日本経済は久方ぶりに金利のある世界へ戻った

 2024年の日本経済は、力強さには欠けるものの底堅く推移した。景気の下支えに最も貢献したのが個人消費だ。前年に続き、春闘では大幅な賃上げが実現した。賃上げの背景には物価上昇を上回る賃上げの実現を促した政府の要請もあったが、企業サイドも人手不足が一層強まる中で、これに積極的に応じた。結果として、賃金の伸びから物価の伸びを引いた実質賃金は、政府の思惑通り6月にはプラスに転じた。これに合わせて実質家計支出も減少傾向から脱け出しつつある(図表1)。

 消費以外に目を転じると、生産活動は24年も伸び悩んだ。

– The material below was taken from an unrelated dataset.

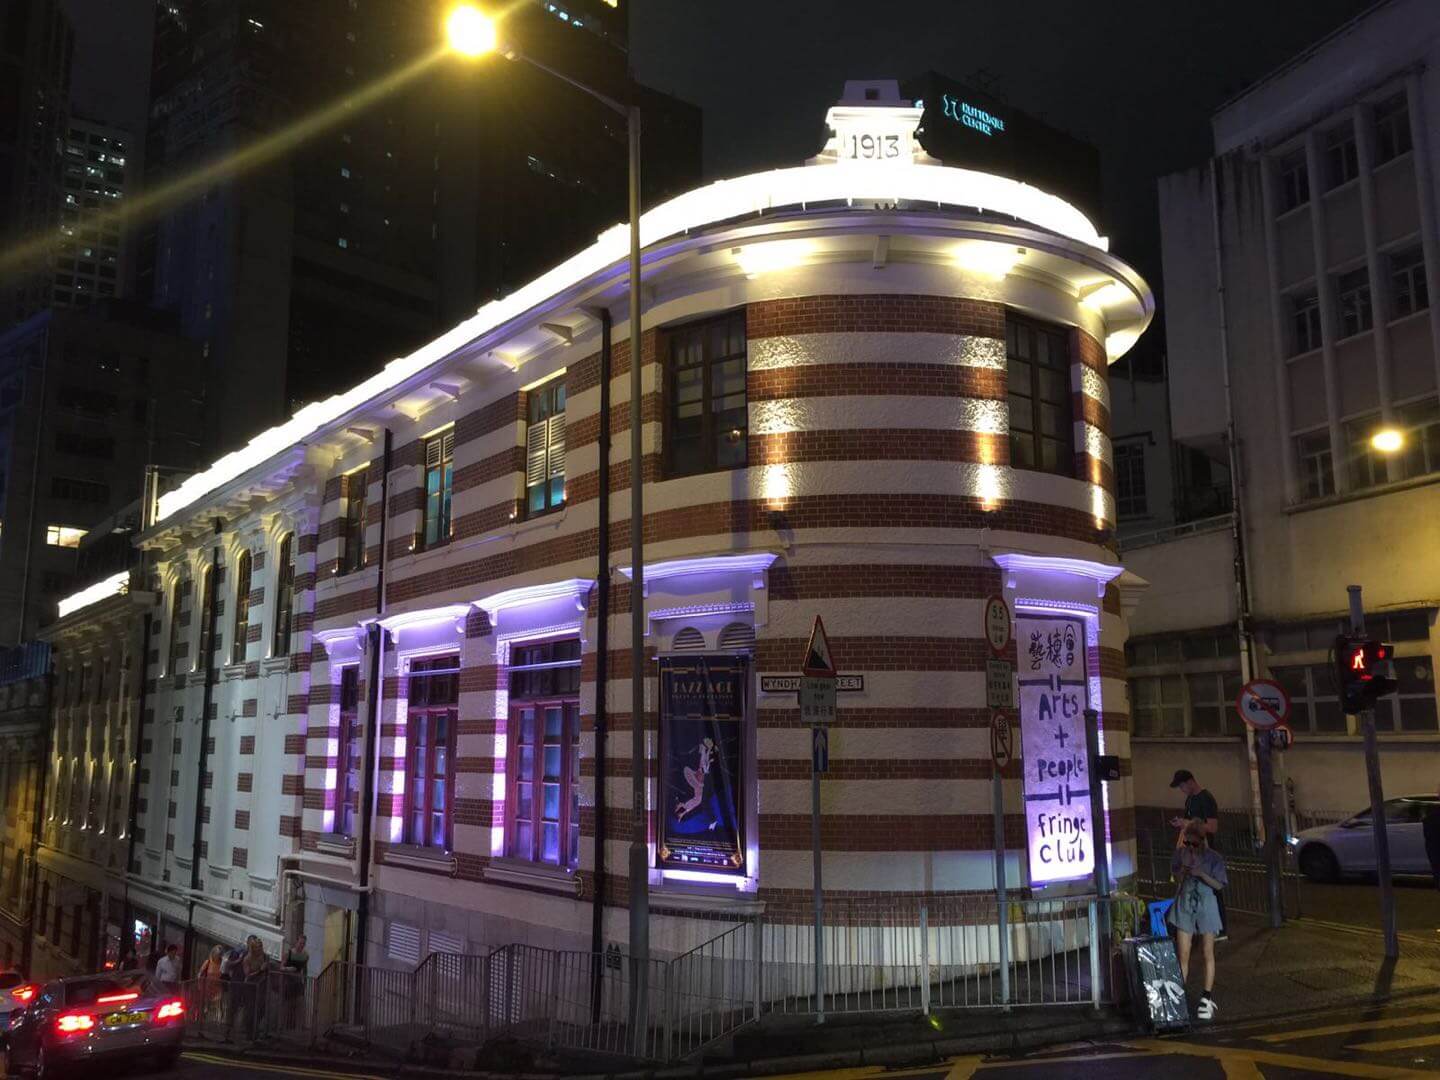 Fringe Club Hong Kong (Eng Hin)

国内消費は落ち込みに歯止めがかかり始めたものの、輸出数量が緩やかながらも減少傾向を辿ったことが影響した。輸出停滞の背景には、欧州経済の回復の鈍さや、中国経済の低迷が挙げられる。円安効果によって輸出額自体は増加傾向を保ったものの、輸出数量が減少気味に推移したことで、生産活動も伸び悩んだ。製造業では23年来続いている在庫調整局面から完全に脱することはできず、生産活動は抑制気味の推移が続いている。